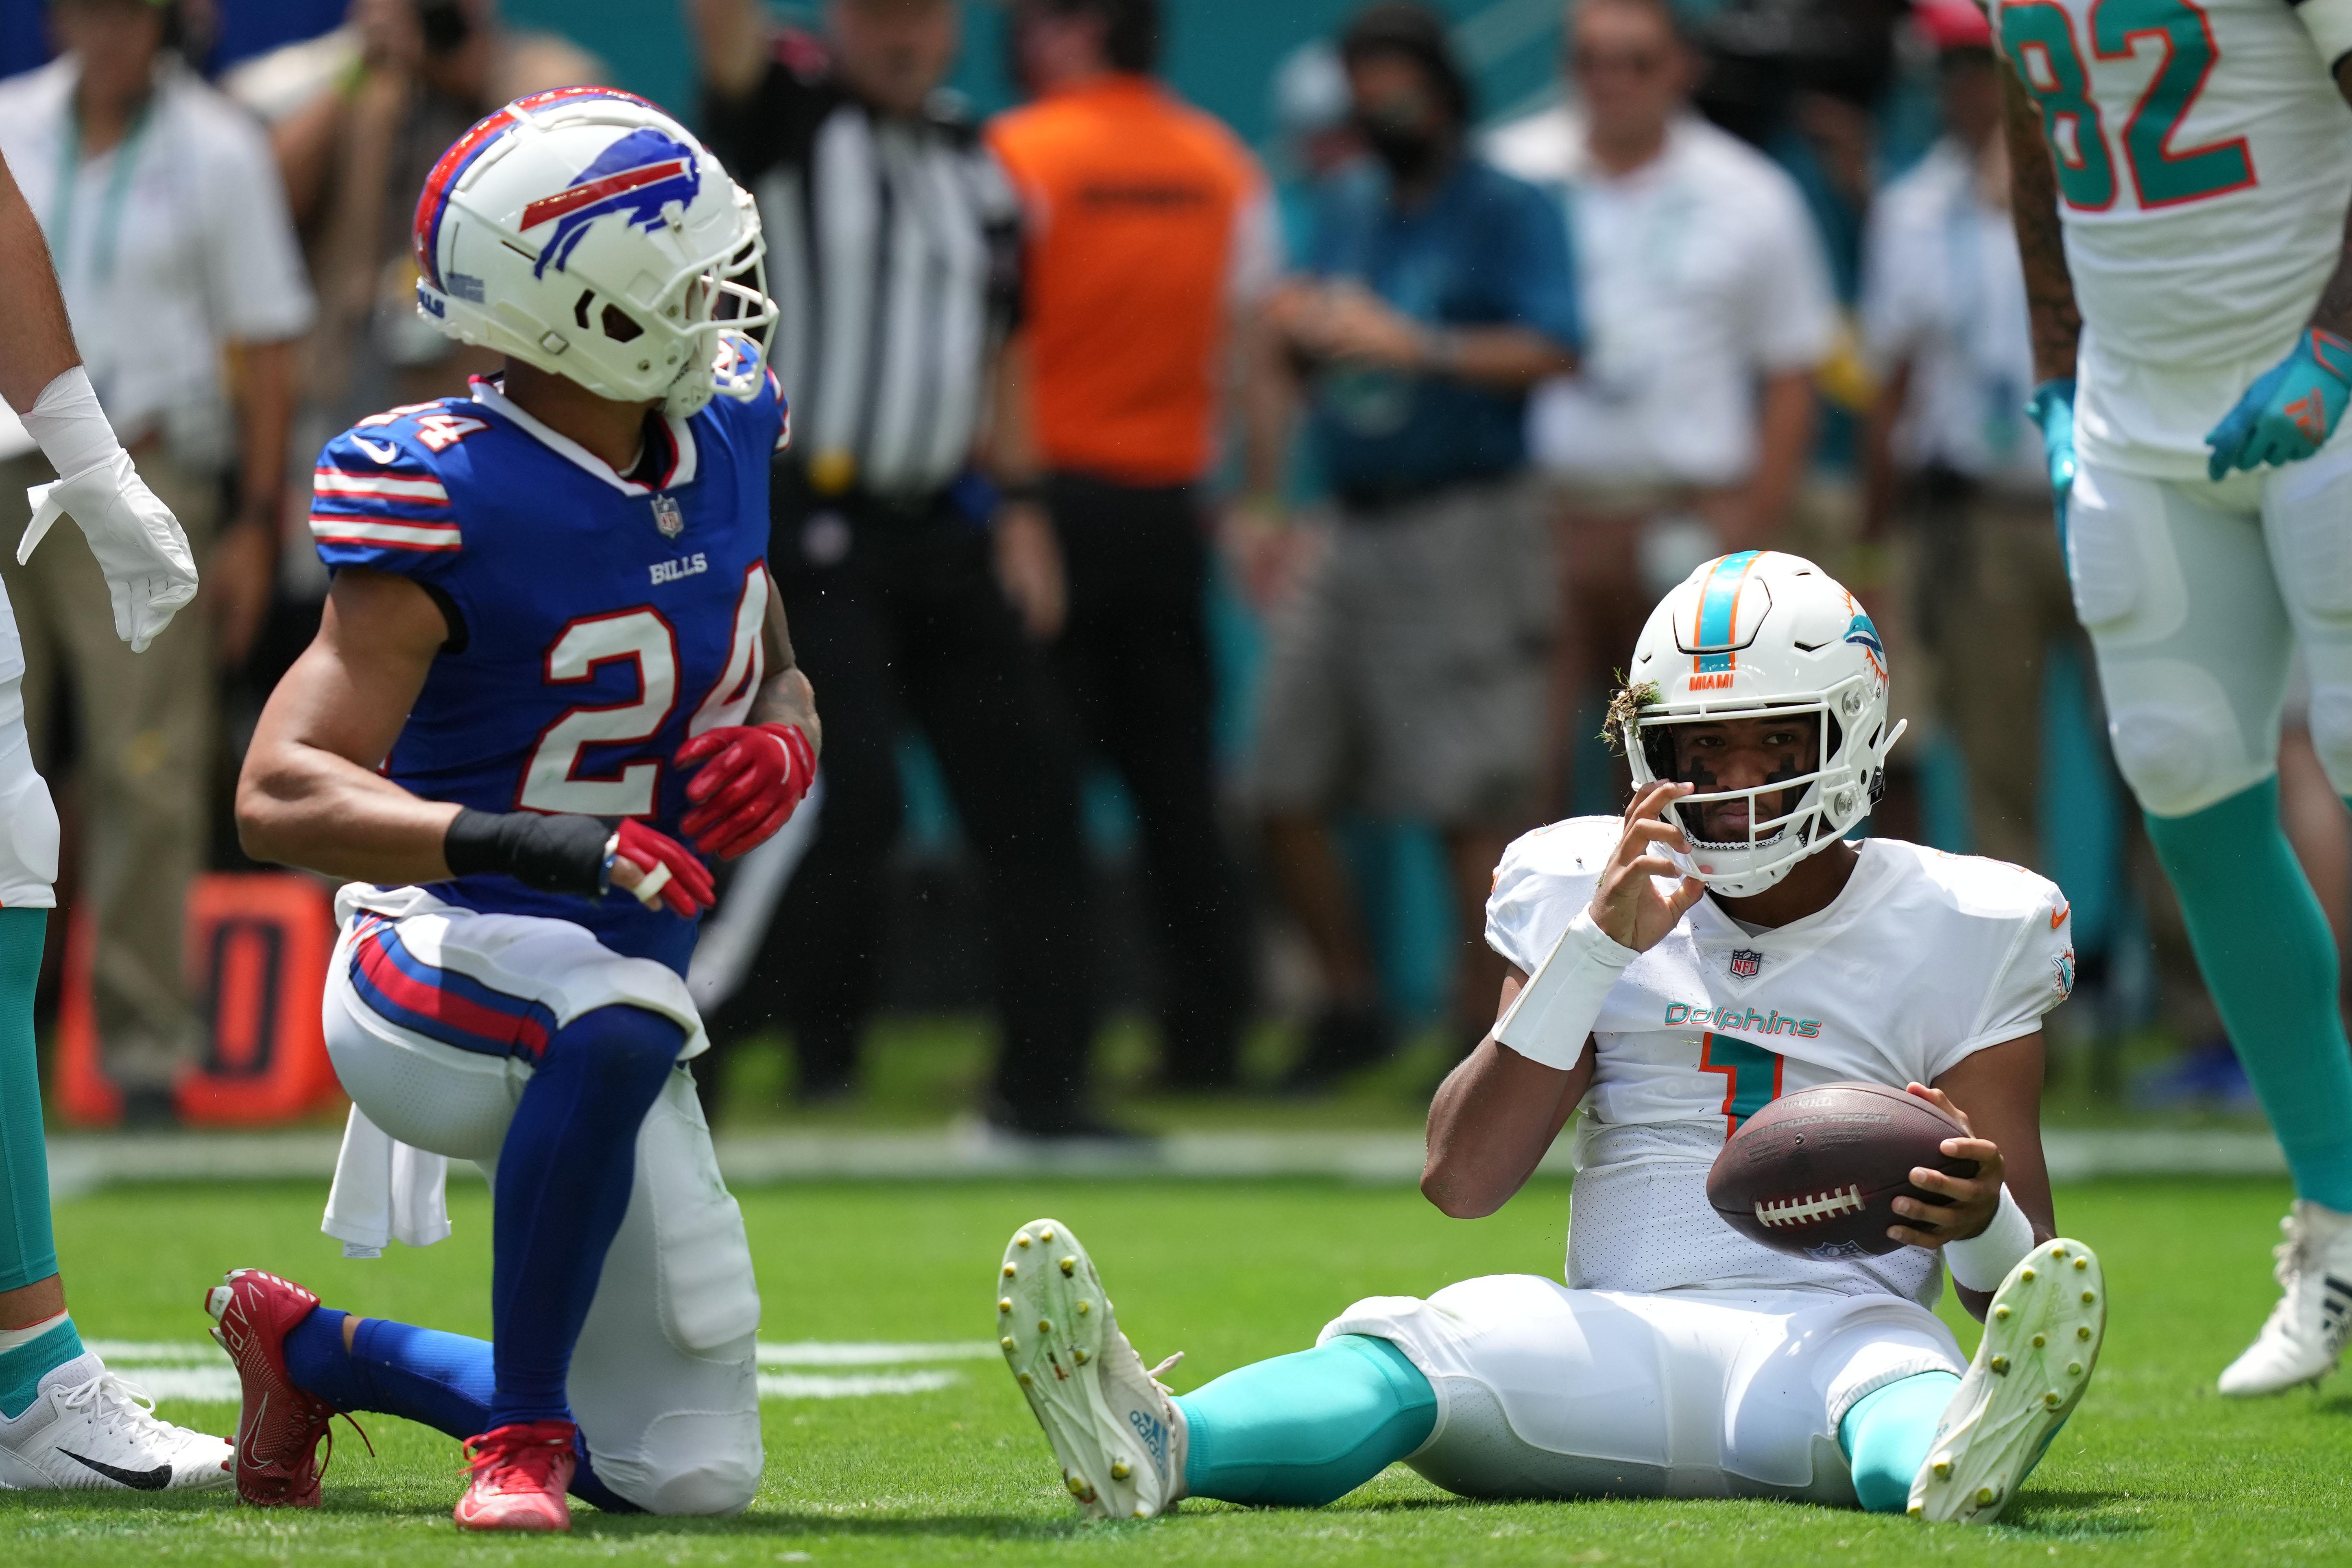 NFL: Buffalo Bills at Miami Dolphins
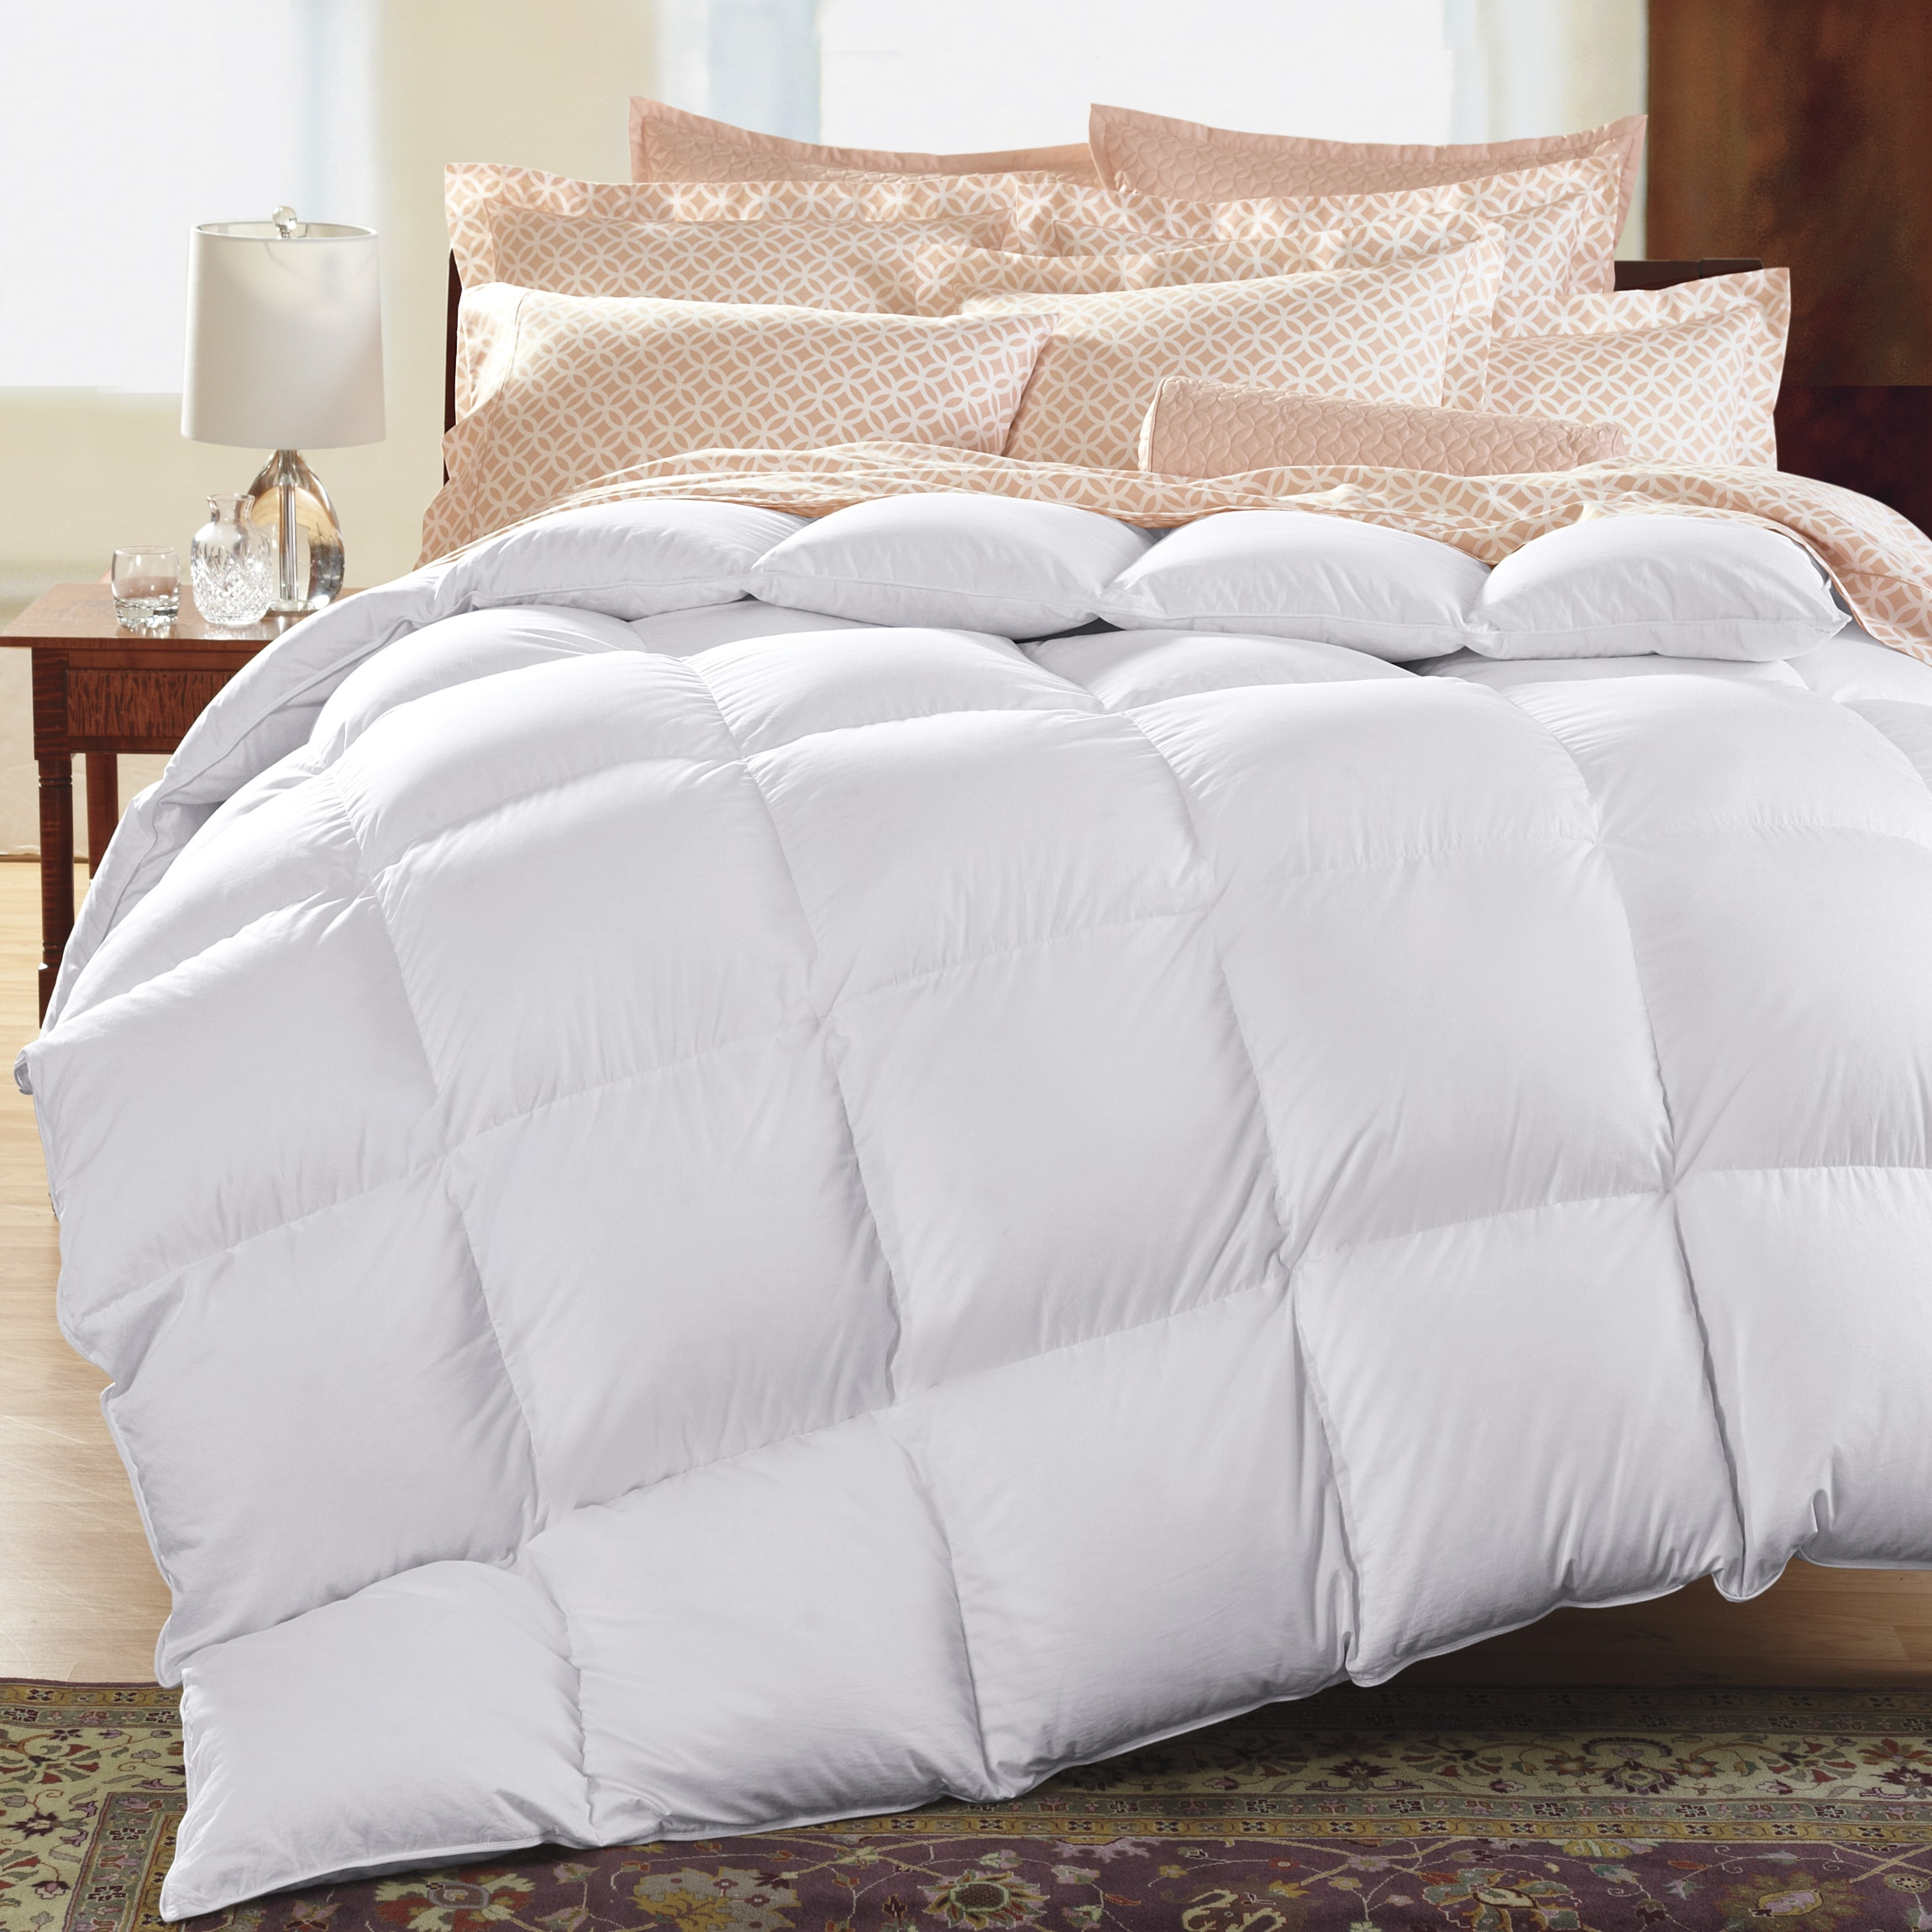 Famous Maker Light Weight White Down Comforter Overstock 8600931
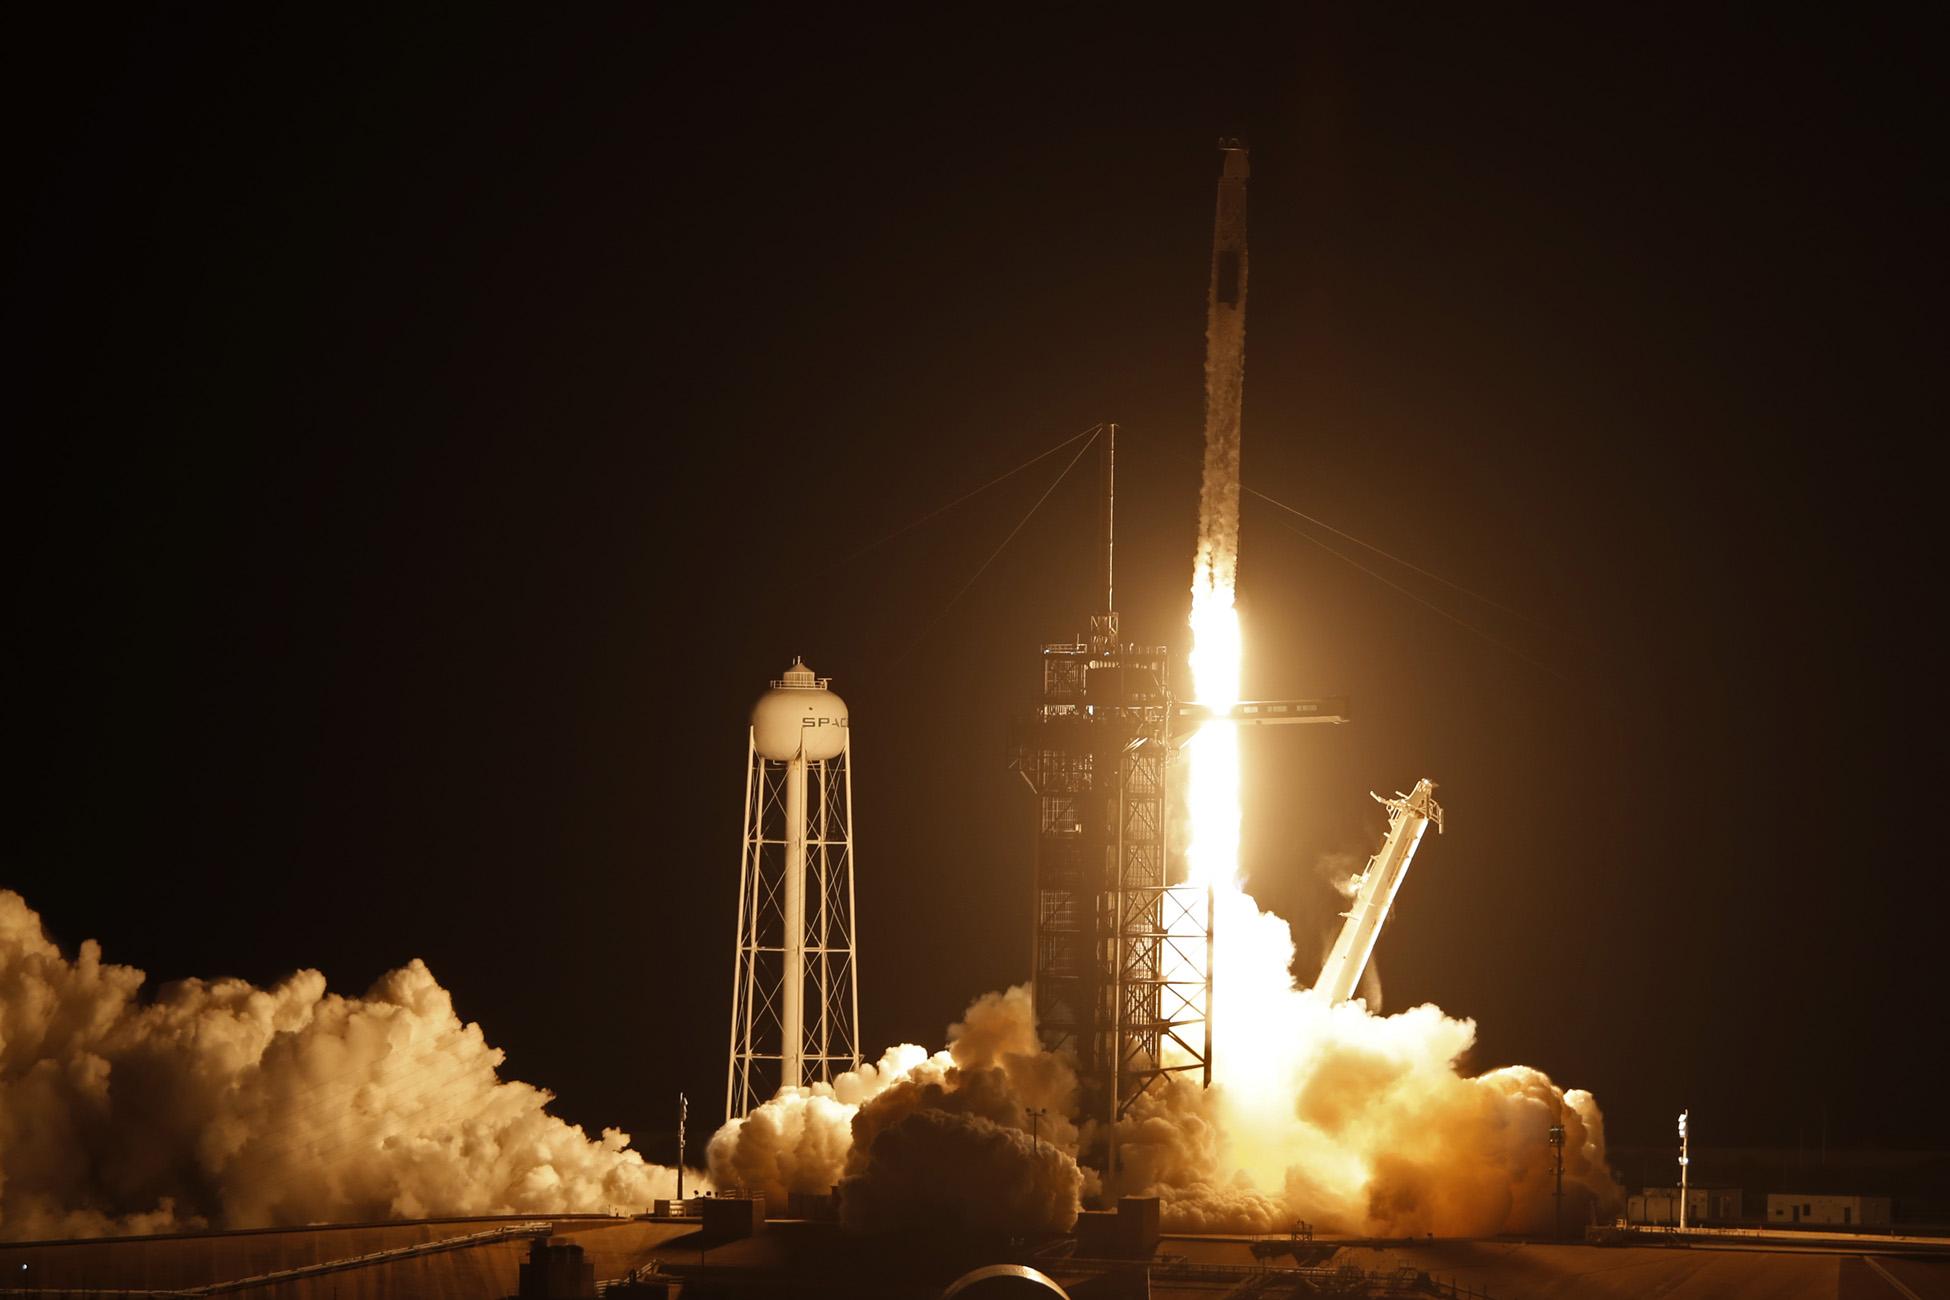 SpaceX: Ξεκίνησε το ταξίδι του για τον Διεθνή Διαστημικό Σταθμό

## ABOUT THIS TASK
Output the listing exactly. Leave out any image.

## TASK RESPONSE
 NFL: Buffalo Bills at Miami Dolphins
 Famous Maker Light Weight White Down Comforter Overstock 8600931
 SpaceX: Ξεκίνησε το ταξίδι του για τον Διεθνή Διαστημικό Σταθμό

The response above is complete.